地政学の復権が頻繁に語られている。冷戦終焉後の自由主義的価値観を基盤にした普遍主義的な秩序が揺らぎ、力と力のせめぎ合いを計算に入れた秩序維持の重要性が高まった。そこで地政学の事情を考慮に入れなければならない度合いも高まった。

ユーラシア大陸から突き出る半島部分は、地政学用語でいう「橋頭堡」である。

海洋国家と大陸国家の構造的な確執が生じるユーラシア大陸外周部分の「リムランド」地帯のなかでも、橋頭堡はとくに衝突が起こりやすい。

第2次世界大戦後のアメリカの主要な対外戦争は、すべて「リムランド」地帯で起こっているが、朝鮮半島、ベトナム(インドシナ半島)、アフガニスタン(インド大陸に隣接)、イラク(アラビア半島に隣接)と、とくに「橋頭堡」をめぐる地域で起こっている。

地政学の重要性が語られる時代になればなるほど、朝鮮半島の動揺は高まっているはずだ。

冷戦が終わったにもかかわらず、朝鮮半島には地域秩序の改変が起こっていないため、北東アジアには冷戦体制が残存しているともいわれる。

しかしその内実は冷戦時代とは異なる。北朝鮮が核開発で生き残り策を模索した。中国が超大国化した。

中国に隣接する朝鮮半島は、米中の新しい2つの超大国がにらみ合う時代において、さらに新しい不安定性を抱え込んでしまった。

冷戦の開始時に、二極体制の強烈な圧力によって、朝鮮半島が分割されて統治されるという現象が起こった。

21世紀の世界では、冷戦時代とは違うやり方で、米中の超大国がにらみ合う。半島の人びとにとっては、どちらの側に付くかは、よりいっそう難しい判断となっていく。

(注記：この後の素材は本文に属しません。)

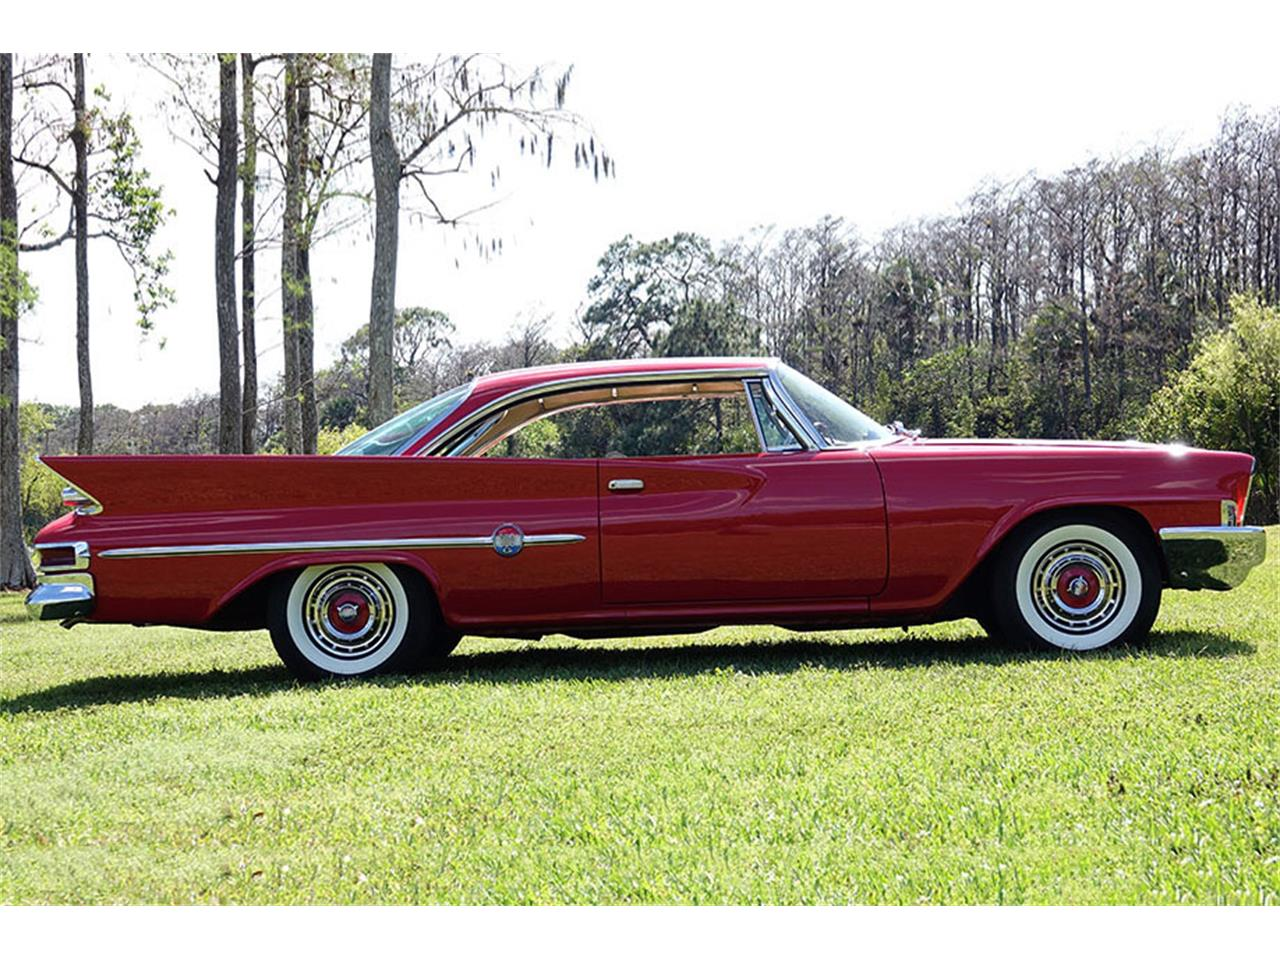 1961 Corvair Wiring Diagram Schematics 1959 Chrysler Schematic Diagrams Lincoln Harness Explore

アメリカは、橋頭堡への足掛かりである韓国におけるプレゼンスを、簡単には放棄しないだろう。しかし冷戦時代とは異なり、そのやり方は、より突き放した実利的なものになるはずだ。

同盟体制に、事実上の重層性が生まれ、橋頭堡は外周的なものになっていくのではないか。

21世紀の世界においては、米韓同盟とともに、日米同盟の性格も変化していく。冷戦時代であれば、日米同盟は、米韓同盟の運用を補完する役割ももっていた。

インド太平洋戦略の重視は、日米同盟をより中核的な同盟軸とし、米韓同盟を外周的なものにする。

日本としては、その流れをつかみ、強化することができれば、安全保障政策の面における「勝ち」を見通すことができるだろう。